In other words, what if the premium that the information economy puts on cognitive skills and the advent of the two-career marriage has created a new situation, in which people with mild proto-autistic behaviors are more likely than ever to find each other and wed? This is a bit wacky as a hypothesis, because I’m suggesting more or less that the mind is evolving, observably, in response to extremely new conditions. But assortative mating is a powerful force. And actually, the premium on literacy (and the behaviors that enhance it, such as intense focus and comfort with solitude) has been in place for several centuries now.

College, in this light, would be a breeding ground for autism, because it encourages people who score well on standardized tests to socialize and mate with one another. So would places like Silicon Valley, Seattle, and the Greater Boston area, because the computer industry brings together people with proto-autistic traits in unprecedented concentrations.

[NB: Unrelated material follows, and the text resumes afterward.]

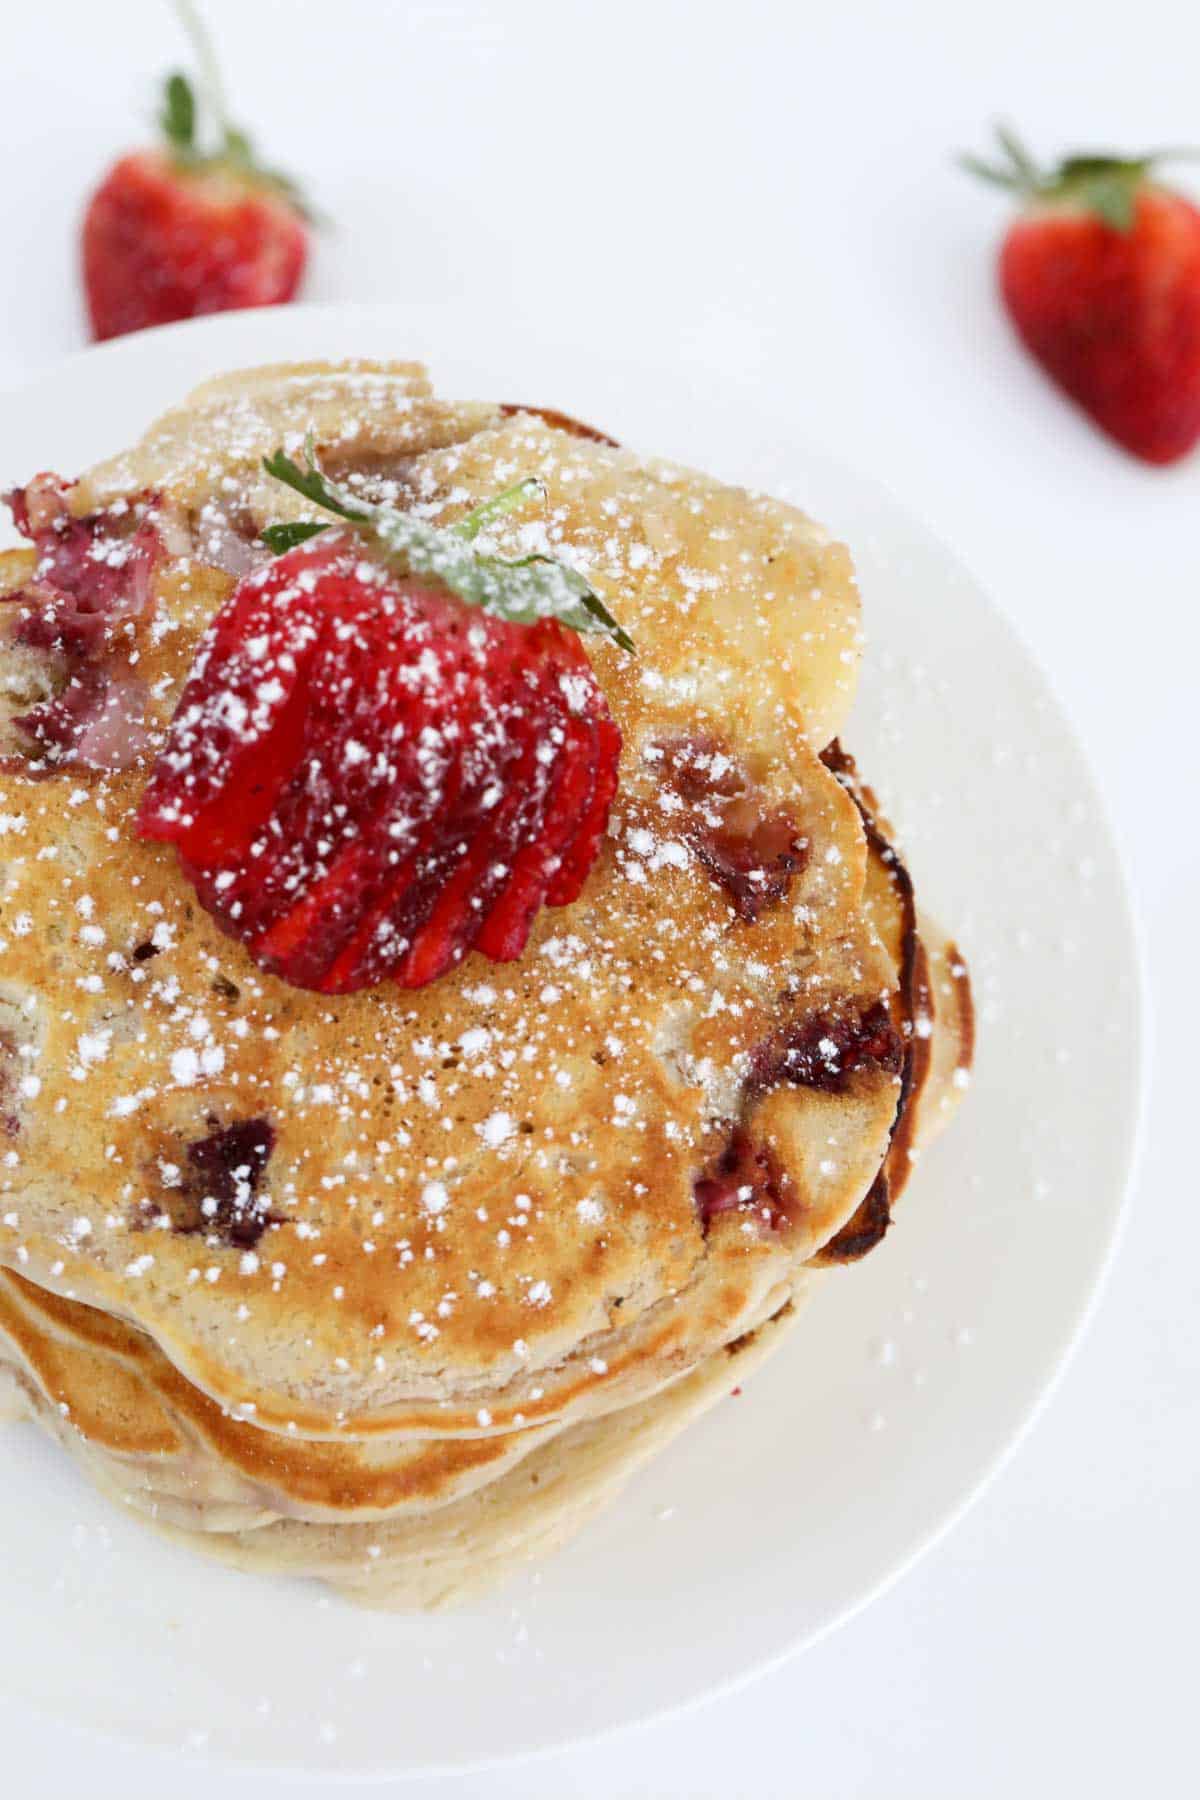 Looking down on a stack of pancakes with a sliced strawberry on top, dusted with icing sugar.

I also wonder, sometimes, whether a high rate of depression in the modern world might be a side effect of a premium on literacy. Humans weren’t originally built to sit still for long periods of time while paying close attention to inanimate objects. They were built to pay close attention while pursuing their four-legged dinner, or while conversing with other humans. Some evolutionary psychologists think that depression was originally designed as a “shutdown” mode to detach a person from a task that looked as if it would be unsuccessful. What if it turned out to have an unforeseen second use in a literate world, because it made a person willing to sit still at length, in isolation? It could be that the genetic innovation that would isolate this boon from the other traits associated with depression (dysphoria, suicidal ideation, etc.) hasn’t yet arrived, and we’re stuck with a situation where people who like to read are also people prone to depression. Of course, it could be that the human temperament hasn’t changed at all, but that when humans are encouraged to sit still for long periods, they become prone to depression. (I think there’s a paper to be written by some enterprising experimental psychologist on the relation between webpage-loading time and perception of self-esteem. Between two people, a delay in response is usually perceived as a slight, and a human who’s browsing the internet must, at some precognitive level, perceive its responsiveness to him as a measure of his social status.)